In match, sub and gsub, the second argument is actually taken to represent a "regular expression"; if it contains certain special characters, it is interpreted as a pattern that may match many sub-strings. The pattern "^B[0-9]+_", for example, matches any sub-string consisting of a B followed by one or more digits and then an underscore, and occurring at the beginning of a string. To use this feature, see the separate description of regular expression rules.


String expressions in AMPL commands

String-valued expressions may appear, enclosed in parentheses, in several AMPL contexts that previously required literal strings:

Here are two examples. The following script solves diet.mod with a series of different data files dietA.dat, dietB.dat, dietC.dat, . . . and saves the solution to files dietA.out, dietB.out, dietC.out, . . . :
	model diet.mod;
	set CASES := {"A","B","C"};

	for {j in CASES} {
	   reset data;
	   data ("diet" & j & ".dat");

	   solve;
	   display Buy >("diet" & j & ".out");
	}
The following script solves the same problem four times, each using a different pairing of the directives primal and dual with the directives primalopt and dualopt:
	model sched.mod;
	data sched.dat;

	option solver cplex;
	set DIR1 := {"primal","dual"};
	set DIR2 := {"primalopt","dualopt"};

	for {i in DIR1, j in DIR2} {
	   option cplex_options (i & " " & j);
	   solve;
	}
See the next section for examples that generate consecutive numbers as parts of filenames and directives.


Number-to-string conversions

When you tell AMPL to exhibit a numerical value, you are invoking a number-to-string conversion of some kind. This conversion can be triggered and regulated by a variety of options, commands and functions, several of them new.
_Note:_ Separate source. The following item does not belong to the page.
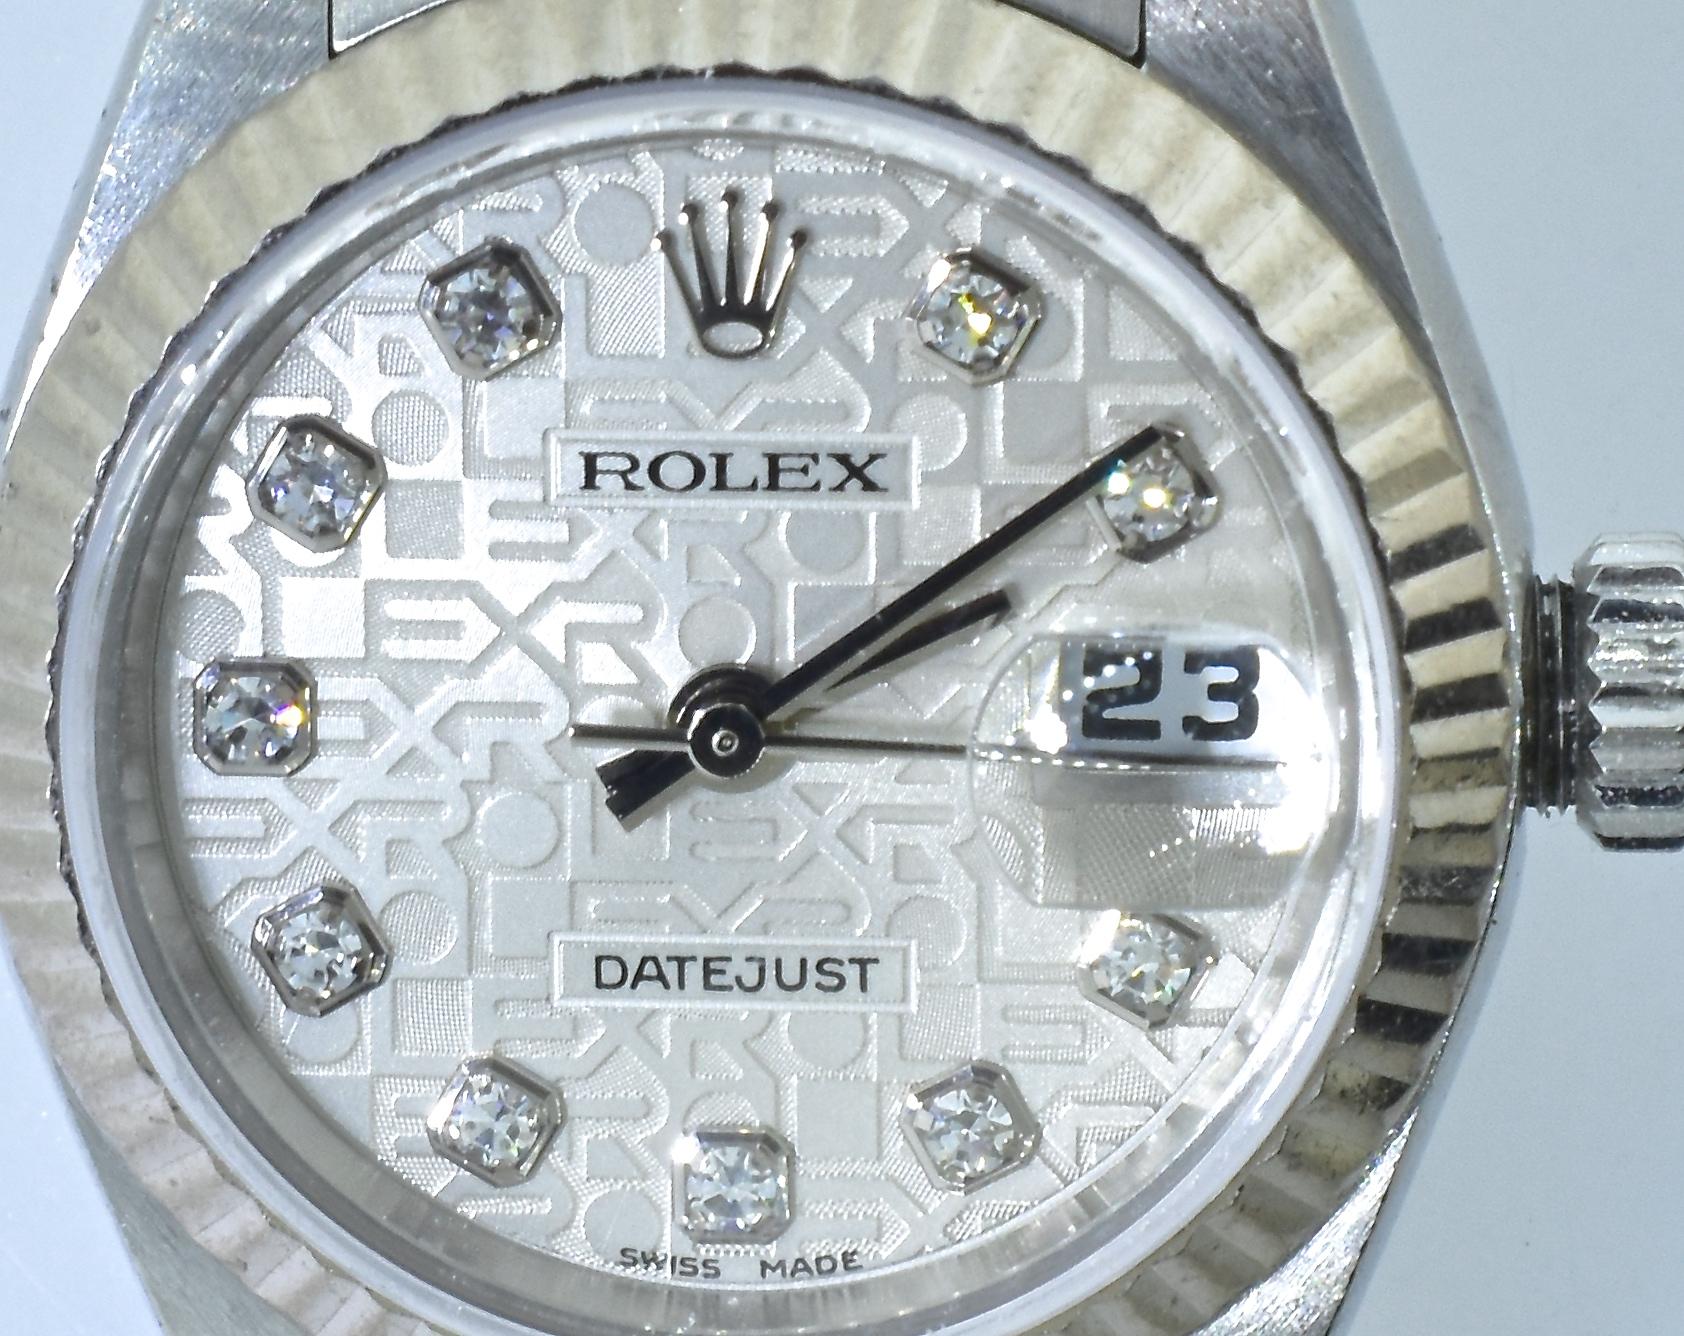 Vintage Ladies Rolex wrist watch - authentic and guaranteed, with the original fancy silver diamond jubilee dial,  date-just with sweep second hand.  Scratch resistant sapphire crystal with cyclops magnifier. In fine condition and accompanied by our

Options ending in _precision and _round enable you to control number-to-string conversion in specific contexts. In general terms, their values are interpreted as follows:

context_precision n

n > 0: round to n digits of precision.
n = 0: show in full precision: the shortest decimal string representation that, when correctly rounded back to the computer's internal representation, yields the original numerical value

context_round n

n > 0: round to n digits after the decimal point
n = 0: round to integer
n < 0: round to -n digits before the decimal point

The different possibilities for context are:

Options Context affected
csvdisplay_precision
csvdisplay_round
numbers from the obscure _display and csvdisplay commands
display_precision
display_round
numbers from the display command
expand_precision
expand_round
numbers from the new expand command
MD_precision numbers written in debug output produced by the obscure -M and -D command-line switches
objective_precision optimal objective from the solve command
output_precision numbers written by the solve command to the file that will be read by a solver
print_precision
print_round
numbers from the print command
solution_precision
solution_round
values of variables and dual variables returned by the solve or solution command
The _round variant (if any) takes precedence when it has a numerical value; otherwise the precision variant is used.

The printf command provides more precise control over number-to-string conversions. Its syntax is

printf indexingopt   format-string,   expression-listopt   redirectionopt   ;
Members of the expression-list that evaluate to numbers are converted to strings according to instructions encoded into the format-string. The final result of this formatting is a character string that is sent to a file specified by the optional redirection or else by default to standard output. A guide to format strings is provided on the separate printf rules page (and on pages 328-329 of the AMPL book). Format strings in AMPL have mostly the same interpretation as in the C programming language. The most notable exceptions are AMPL's interpretation of %.g or %.0g to specify full precision (as explained earlier in this section), and the introduction of %q and %Q to produce quoted strings (as described under "Display formats for strings" below).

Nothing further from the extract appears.